This Alfa Romeo is a beautiful car. I swooned at the stylish interior. And then I hit the road, and fell in love.

Hey, good lookin: the Alfa Romeo Giulia Quadrifoglio
Hey, good lookin: the Alfa Romeo Giulia Quadrifoglio

In my defence, a lesser man might have fallen faster and harder. Love at first sight would not be so much excusable as predictable when encountering the Alfa Romeo Giulia, but it was more the thrill of sensation that did me in.

The Alfa’s almost Ferrari-red body is muscular and yet svelte, dramatic yet subtle and as pretty as it is handsome. The prominent four-leaf clover badge that shows this is the range-topping Quadrifoglio adds even more desirability if you’re an Alfisti (yes, fans of this famously character-filled brand get their own collective noun).

Inside the cabin
Inside the cabin

But it was the tactile bits that won me over. This car’s steering wheel feels just so right and while the merging of leather and carbon fibre is lovely – and its embedded red start button supercar sexy – it’s the two Alcantara panels in the places where your hands sit that draw an involuntary “ooh” of appreciation. (The looks did get to me as well, eventually, as I found myself stealing glances at it in front of my house, and even staring at it while clucking my tongue appreciatively.) Then there’s the beautifully engraved Alfa Romeo badge in the steering boss, the Goldilocks sprinkling of red stitching and carbon trim and the slick shift paddles temptingly positioned near your fingers.

Yes, it’s fair to say I was sold on this car before I’d even driven it properly, and from that point it just kept getting better.

From the front
From the front

The sheer fizzing fun factor of this car is embedded in its DNA switch, which allows you to toggle between Dynamic, Natural and Advanced Efficiency (the latter is a performance-dulling mode that fits this car like an ice cube in a lake of lava). Many cars have this kind of personality-setting system, but usually they feel about as dramatic as switching between tap water and bottled. In the Giulia, however, the driving experience, and the accompanying noise, take big, joyful jumps as you step up.

Side on
Side on

Normal feels quite wonderful until you try Dynamic, at which point the steering noticeably muscles up, as if you think you are going to shake hands with Barack Obama but it turns out to be Mike Tyson. The way the rear-wheel-driven Giulia corners would impress even the most disinterested driver; you can place it in a bend with fingertip-fine control. It turns in so keenly, it’s as if it’s not just reacting to your inputs but pre-empting them. Genius.

In Dynamic mode, the exhaust switches from pleasant Italian mumbling to what sounds like a group of pro wrestlers blowing raspberries into trombones. The car’s acceleration also goes from effortless to elastic, as in the feeling you’d get if you were fired from a slingshot made with a bungee cord. It’s intoxicating and exciting, with a 0 to 100km/h dash of 3.9 seconds.

To hit that mark, you’d no doubt need to be in Race mode, which I somehow didn’t notice for the first few days – as unlikely as Leigh Sales not spotting a weak point in an interviewee or an All Black not spotting a weakened Wallaby to crush – perhaps because it’s hard to spell “DNA” with an R.

This riotous mode is genuinely incredible in the way that it seems to make an already raging car completely unhinged. It turns the soundtrack up not just to 11 but 21 and it becomes so over the top that people stare at you disapprovingly as you drive past – which is quite an achievement for a car that makes most people smile when it’s sitting silent and still.

Race mode gives you the full force of the Alfa’s 2.9-litre twin-turbo V6, with its 375kW of power at a glorious 6500rpm and 600Nm, and I totally believe it can reach a top speed of 307km/h.

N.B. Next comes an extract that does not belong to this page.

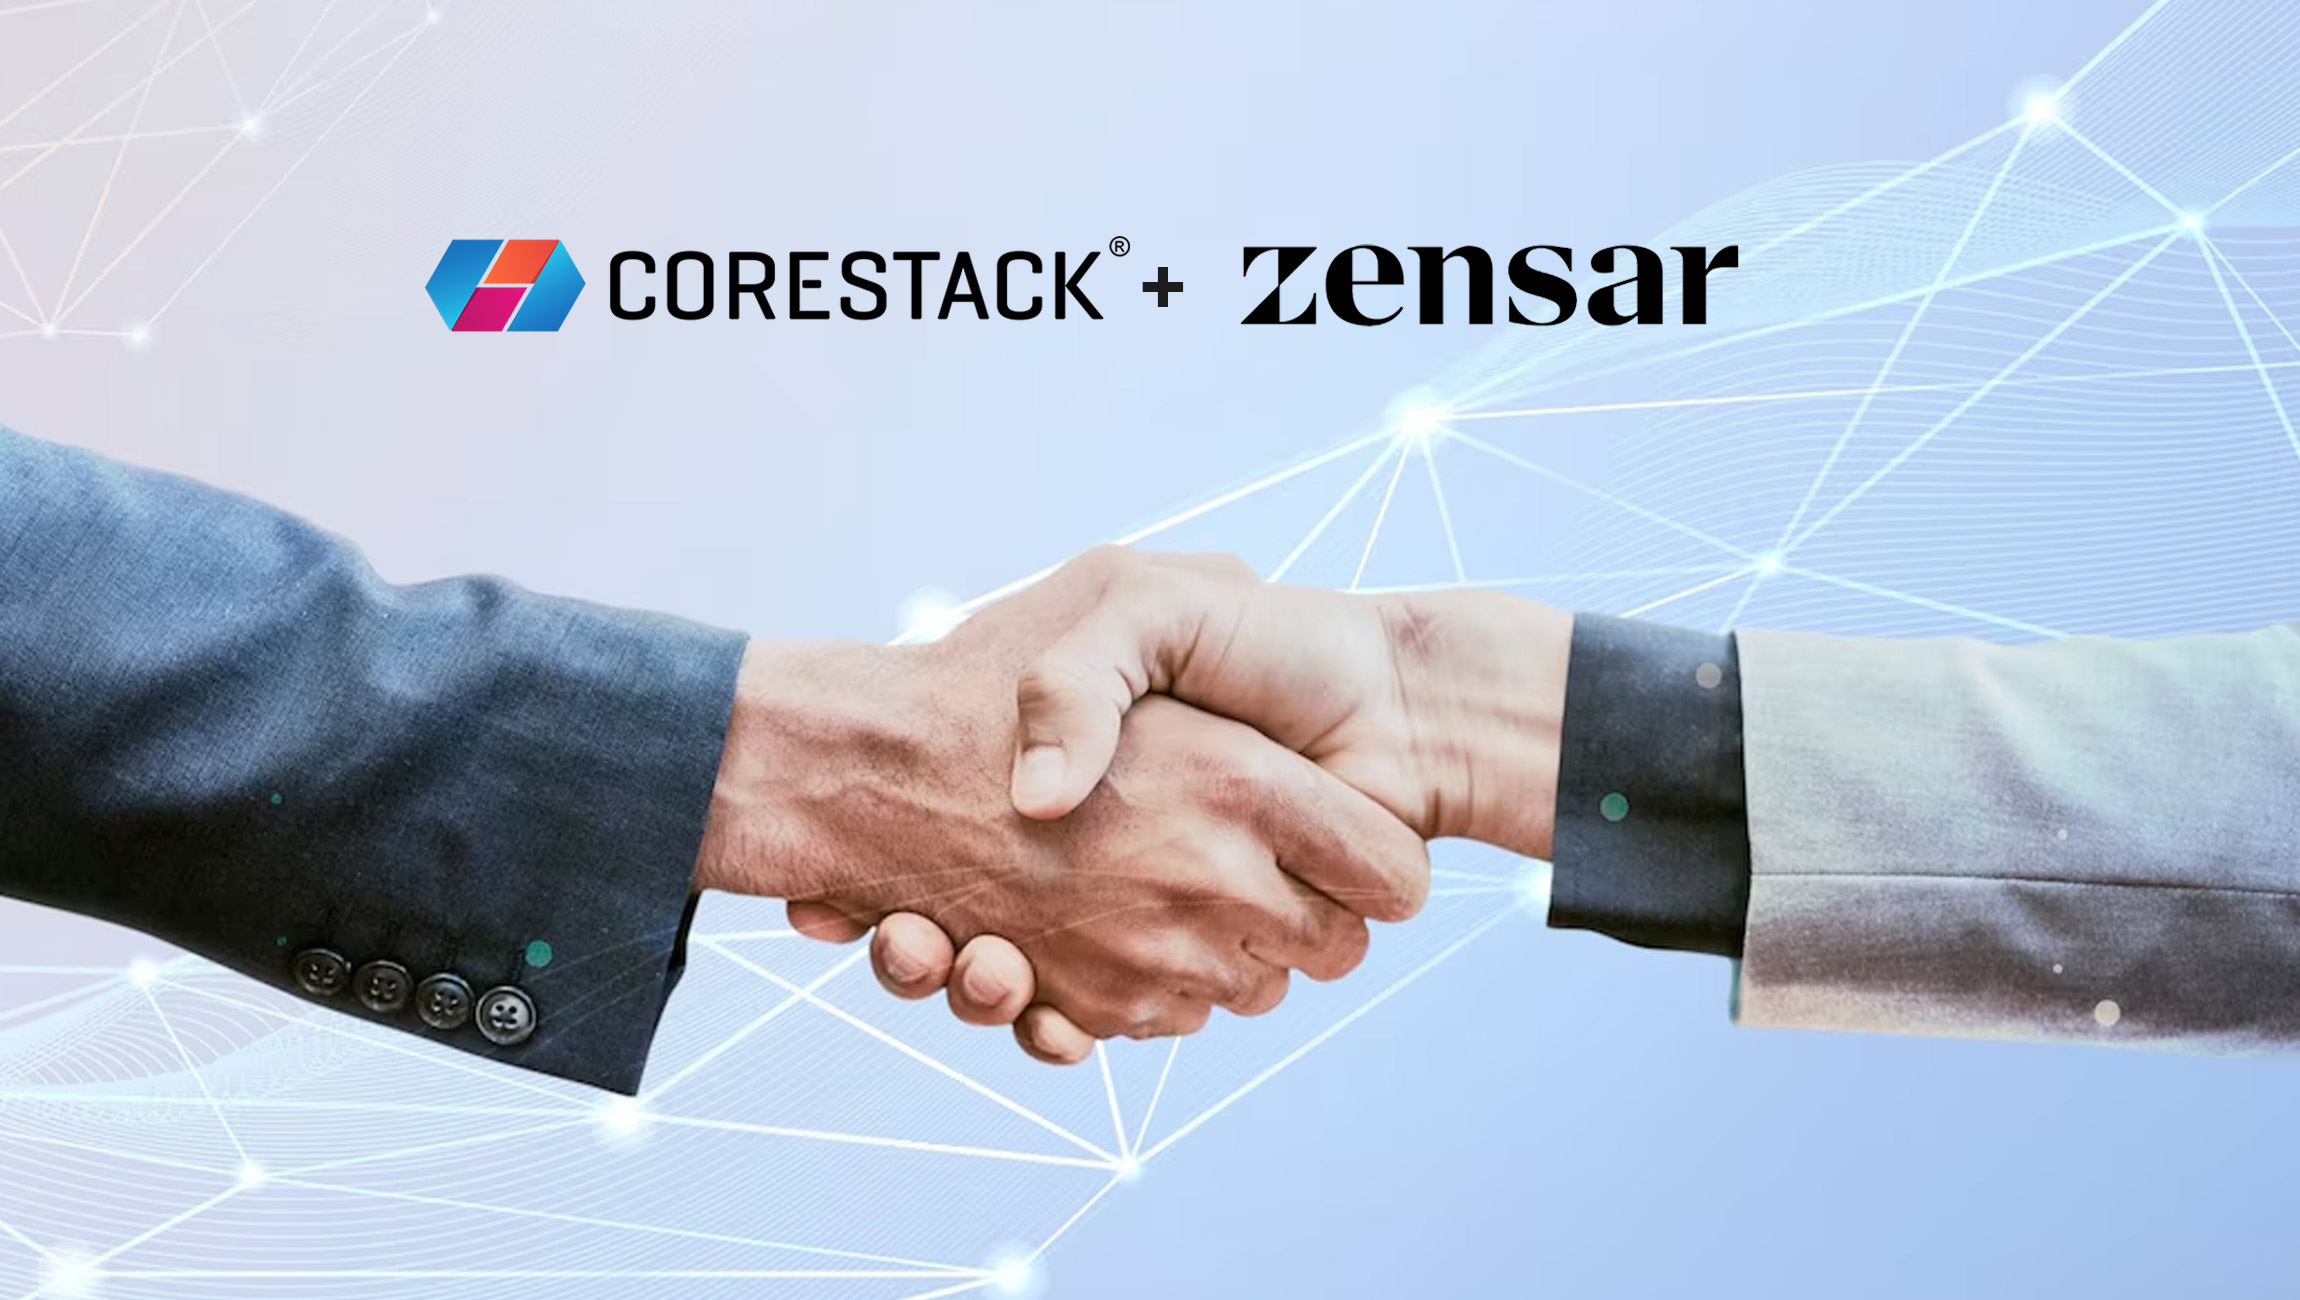 CoreStack and Zensar Announce Strategic Partnership to Empower Customers Govern, Optimize & Innovate Faster in the Cloud

Even the wheels are handsome
Even the wheels are handsome

It seems almost too obvious to compare this Alfa to a Ferrari but the Italian engineers at both companies do seem to be drinking the same adrenalin-laced coffee. And, to be honest, if Ferrari did make a V6-powered family sized sedan, it probably wouldn’t feel, or look, much different from the Quadrifoglio-badged Giulia, which is high praise indeed.

The only failings I can find are that the seat won’t go quite low enough to make me feel like a part of the car – which left me stabbing the adjustment switch uselessly, like a man in a hurry punching the lift buttons – and that the indicators don’t seem to want to self cancel.

Oh, and it does turn you into the sort of person who hates his fellow man, because all of them are driving too slowly and getting in your way.

Frankly, at $138,950 the thing I find most shocking about the Alfa Romeo Giulia Quadrifoglio is that I don’t see more of them on the road, because everyone who can afford one really should go and buy one. That way I can at least enjoy looking at one more often.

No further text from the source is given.